Funny how it is when the shoe is on the other foot. See here’s the thing. All of these YouTuber’s make money from the advertising that runs on their YouTube videos. But when those videos are ripped from YouTube by fans and uploaded to Facebook guess who doesn’t get paid? Yup, you guessed it… the YouTuber’s are getting stiffed and they don’t like it.
Where is Larry Lessig to help these folks out? Remember kids, don’t break the internet! It’s “sharing economy” afterall. You do the work and silicon valley shares the profits.
Soooo… when a musician’s work is pirated on Napster, Grockster, Kazaa, Limewire, The Pirate Bay, oh and YouTube… Musicians should “get over it”. But when a YouTuber’s work, labor and creative output is devalued, or worse monetized by a third party (Facebook) who doesn’t pay them anything, well then, you know, that’s “bad”.
The issue gained national attention this year earning editorials and reports from the likes of Slate, “Facebook’s Piracy Problem” in July. Time followed with a story in August, “This Is Facebook’s Biggest Problem With Video Right Now.” And recently as November AdWeek chimed in, “Facebook’s ‘Freebooting’ Piracy Problem Just Cost Casey Neistat 20 Million Views“.
This quote from the AdWeek story above kind of says it all…
But then they ran into a problem known as “freebooting,” which entails republishing videos on social sites without the consent of the folks who made the clips. In essence, it’s a practice of intellectual-property theft that’s plagued Facebook more than other digital platforms—PR-wise, at least—in recent months thanks to a few whistle-blowers.
They go on…
“I spent roughly a week issuing take downs on Facebook—a convoluted process,” Neistat told Adweek. “I crowdsourced the process of finding the freebooters because there is no way to search Facebook. In all, I took down well over 50 different posts—[which was] not nearly all of them. I simply gave up after a while. I anecdotally kept track of the view counts—over 20 million views on the videos I took down.”

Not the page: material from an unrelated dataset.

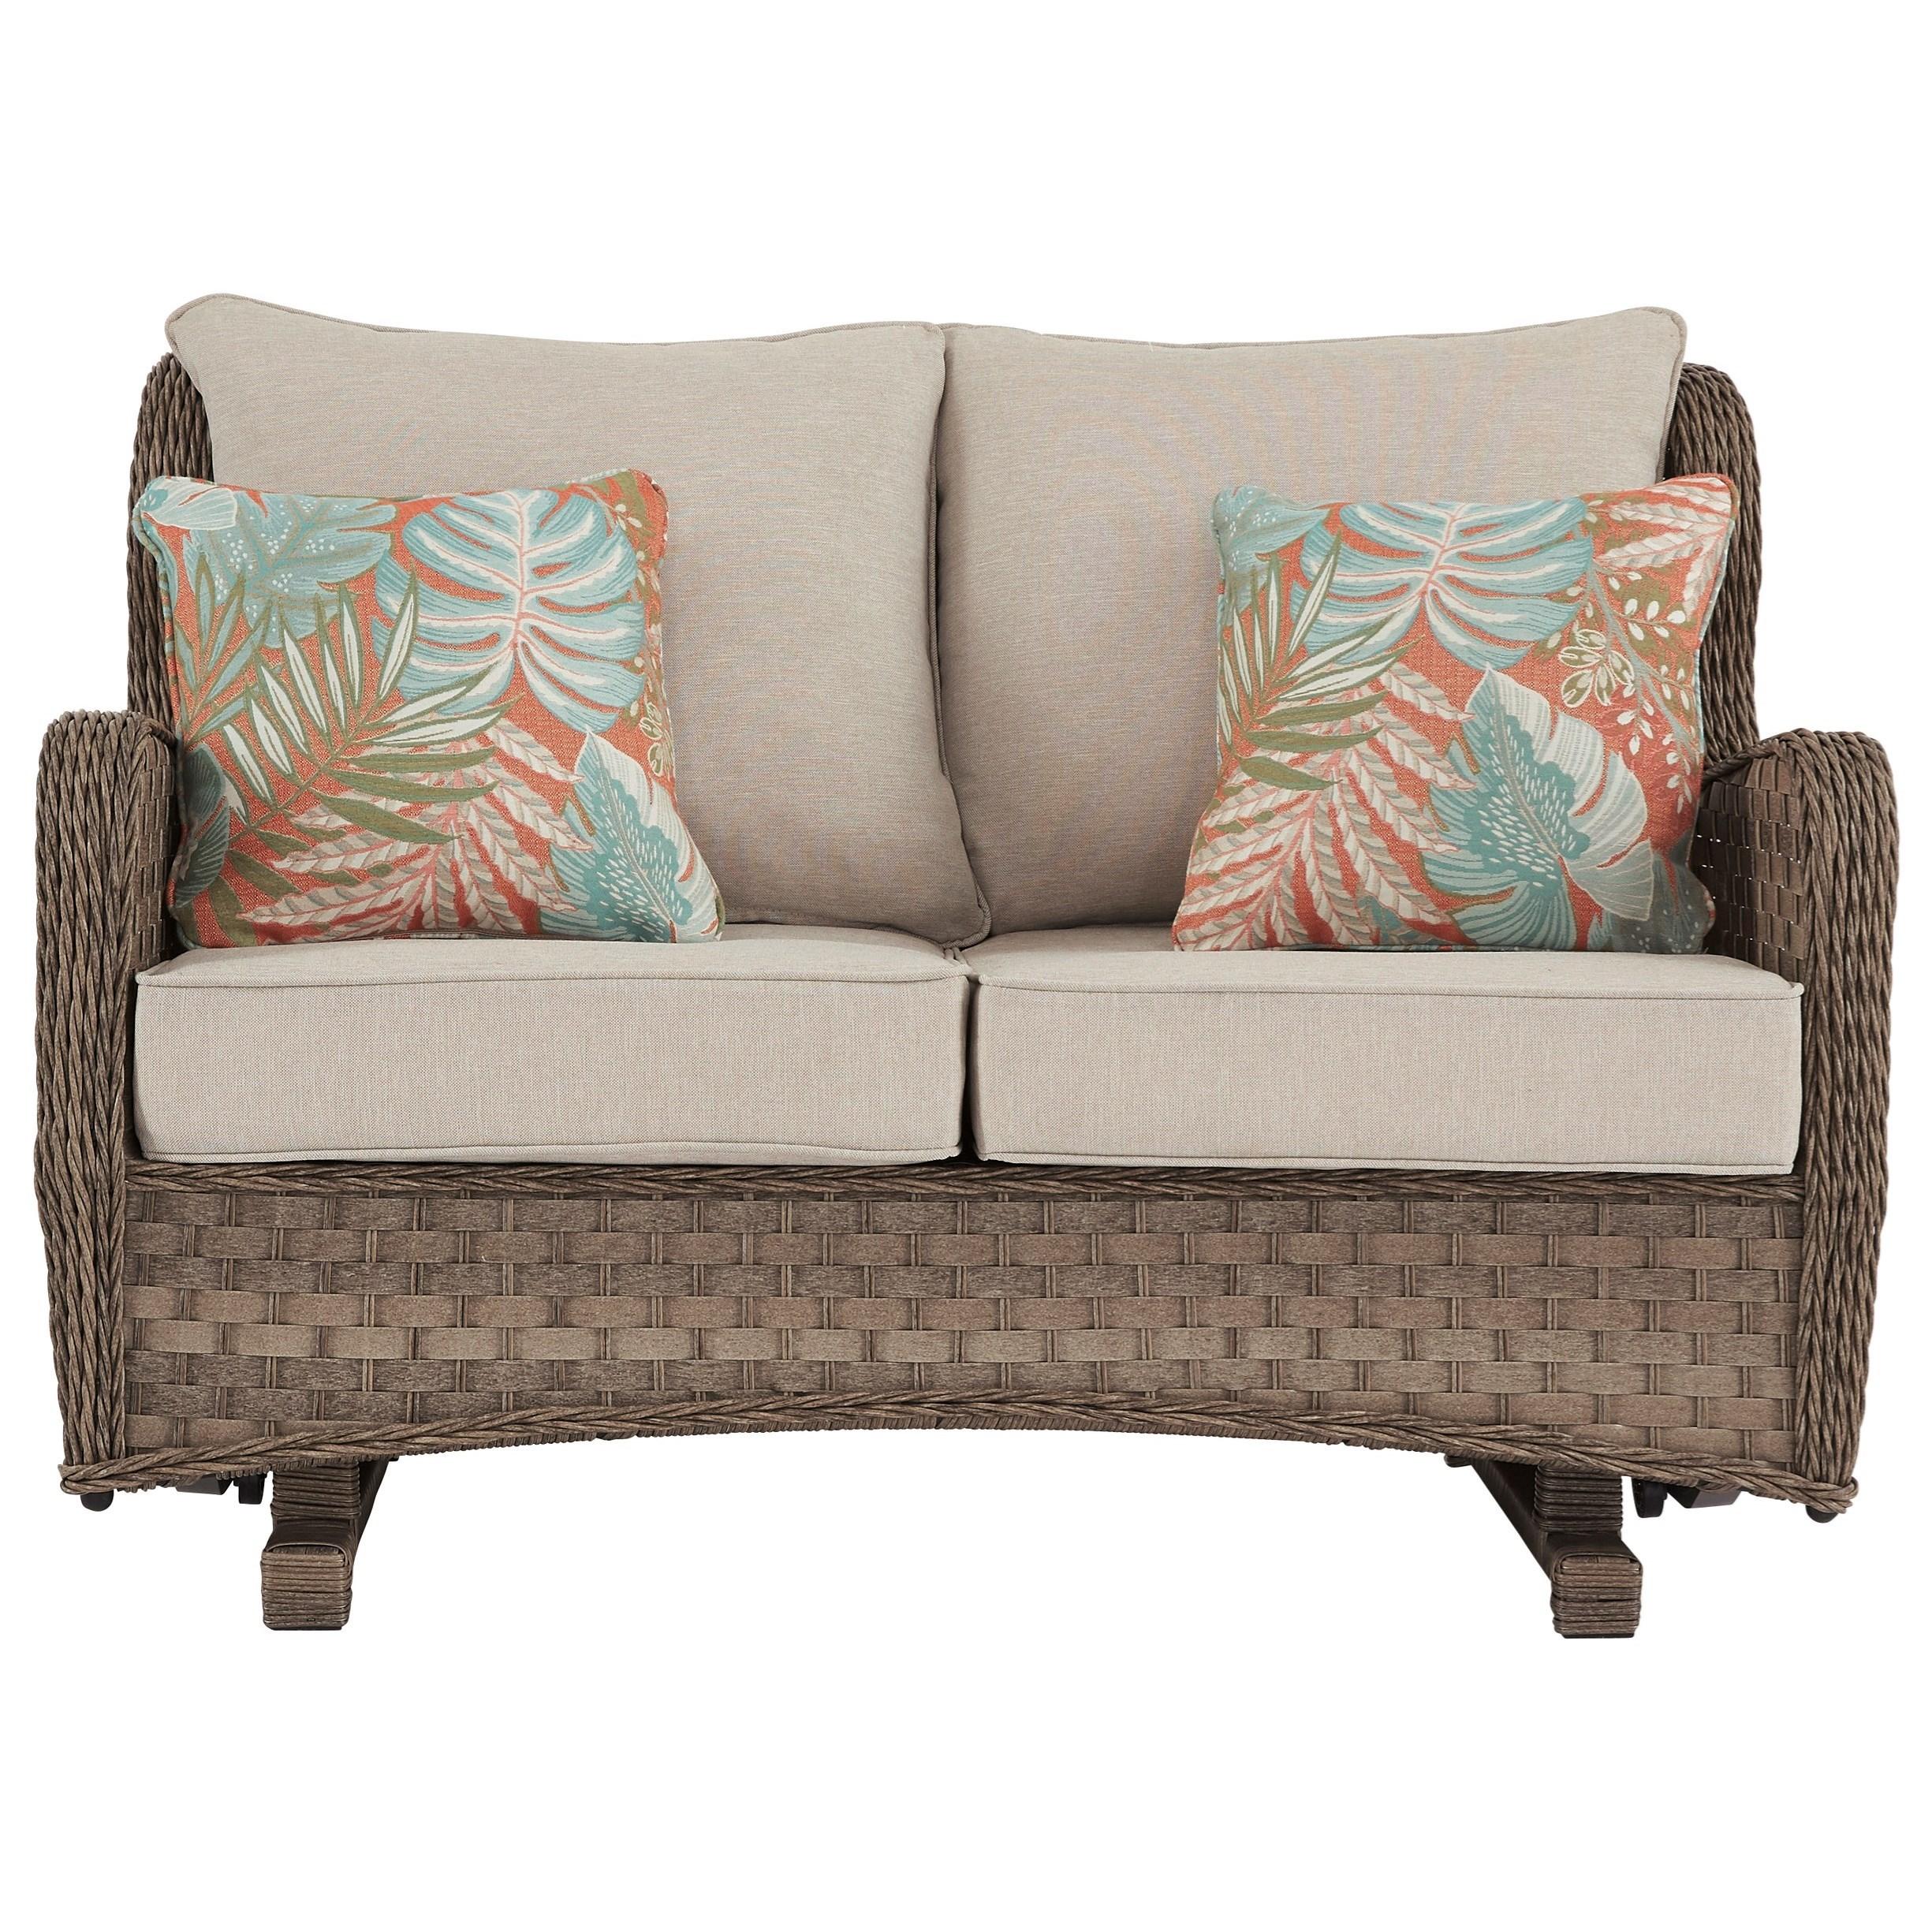 Clear Ridge Loveseat Glider w/ Cushion by Signature at Walker's Furniture

Here’s more to chew on from a post by Hank Green on Medium, “Theft, Lies and Facebook Video“.
According to a recent report from Ogilvy and Tubular Labs, of the 1000 most popular Facebook videos of Q1 2015, 725 were stolen re-uploads. Just these 725 “freebooted” videos were responsible for around 17 BILLION views last quarter. This is not insignificant, it’s the vast majority of Facebook’s high volume traffic. And no wonder, when embedding a YouTube video on your company’s Facebook page is a sure way to see it die a sudden death, we shouldn’t be surprised when they rip it off YouTube and upload it natively.
Facebook’s algorithms encourage this theft.

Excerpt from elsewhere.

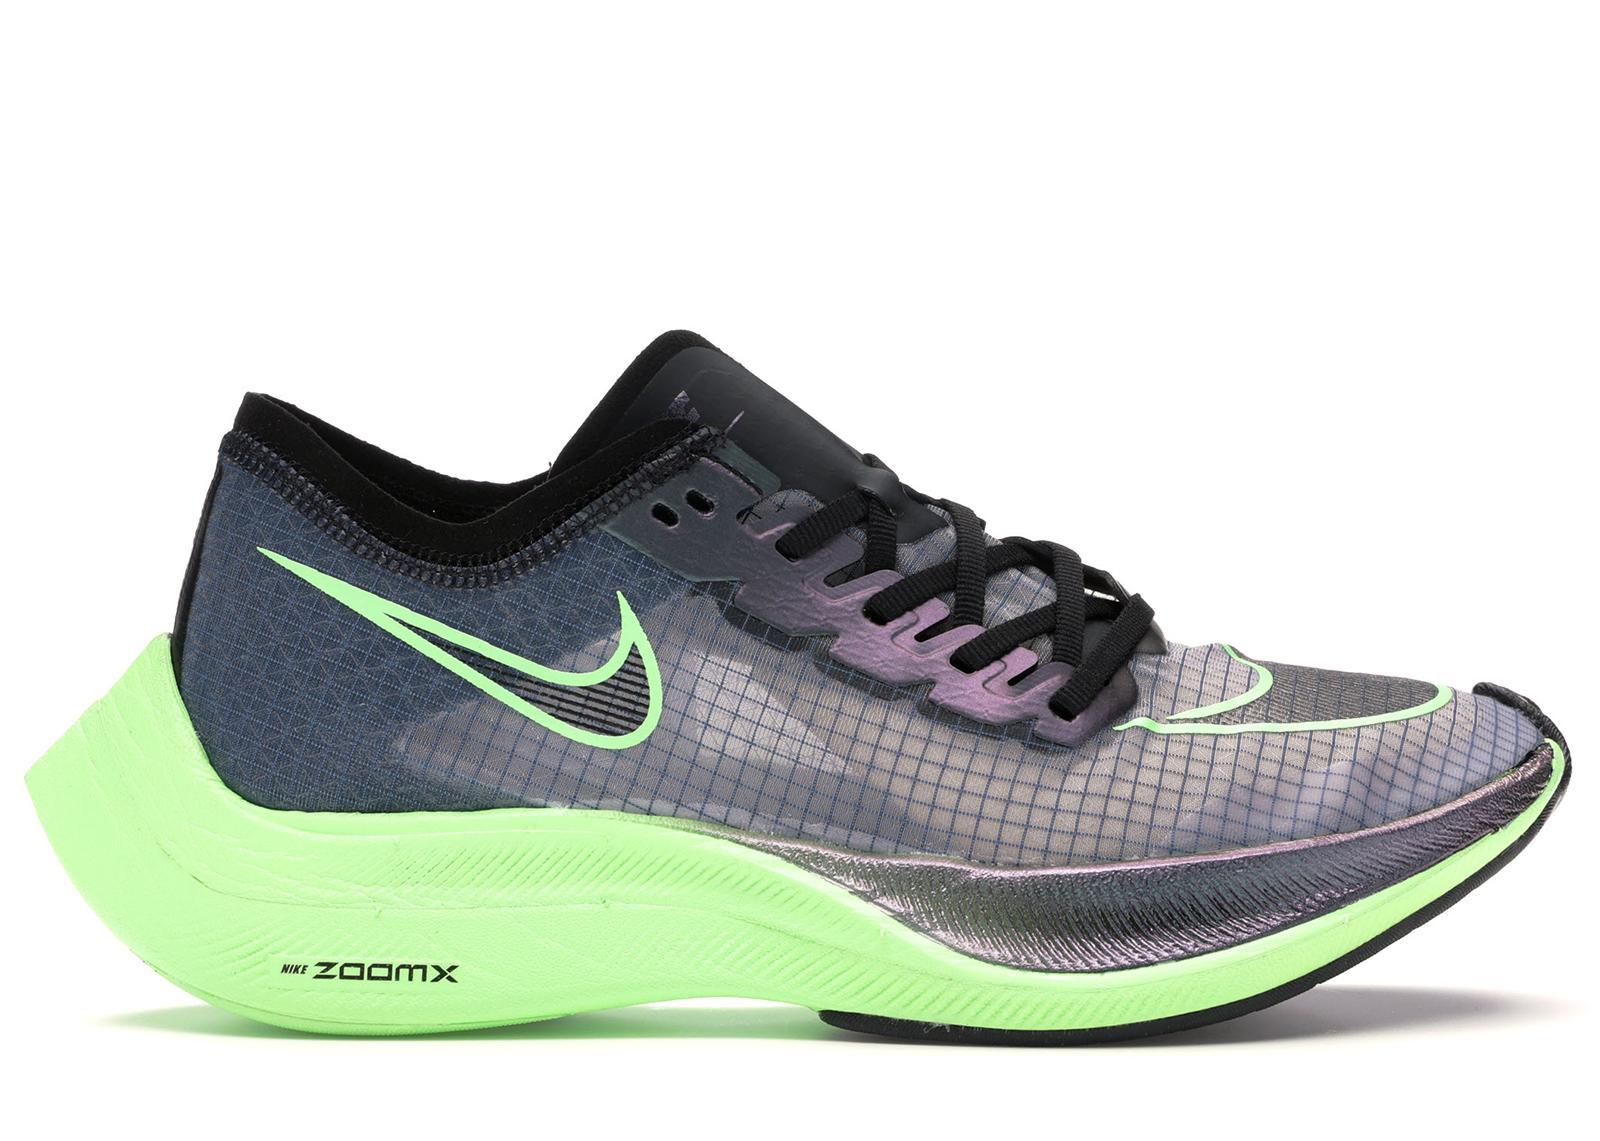 Nike ZoomX VaporFly Next% Valerian Blue

Hmmmmm… where have we heard this story before? Maybe it was Daily Finance back in 2010, “Viacom vs. YouTube/Google: A Piracy Case in Their Own Words“.
• On July 19, Chen wrote to Hurley and Karim: “Jawed, please stop putting stolen videos on the site. We’re going to have a tough time defending the fact that we’re not liable for the copyrighted material on the site because we didn’t put it up when one of the co-founders is blatantly stealing content from from other sites and trying to get everyone to see it.” Four days later, Karim sent a link to the other founders, and Hurley told him that if they rejected it, they needed to reject all copyrighted material. Karim’s reply: “I say we reject this one but not the others. This one is totally blatant.”
• A July 29 email conversation about competing video sites laid out the importance to YouTube of continuing to use the copyrighted material. “Steal it!” Chen said , and got a reply from Hurley, “hmmm, steal the movies?” Chen’s answer: “we have to keep in mind that we need to attract traffic. how much traffic will we get from personal videos? remember, the only reason our traffic surged was due to a video of this type.”
Yup, Karma meets irony… How very interwebs… Ok, Ok, Ok… Sorry, just one more…
Everyone’s creativity deserves to be protected. All creators should be united against the illegal, infringing and exploitative uses of their work (especially for profit) without consent or compensation.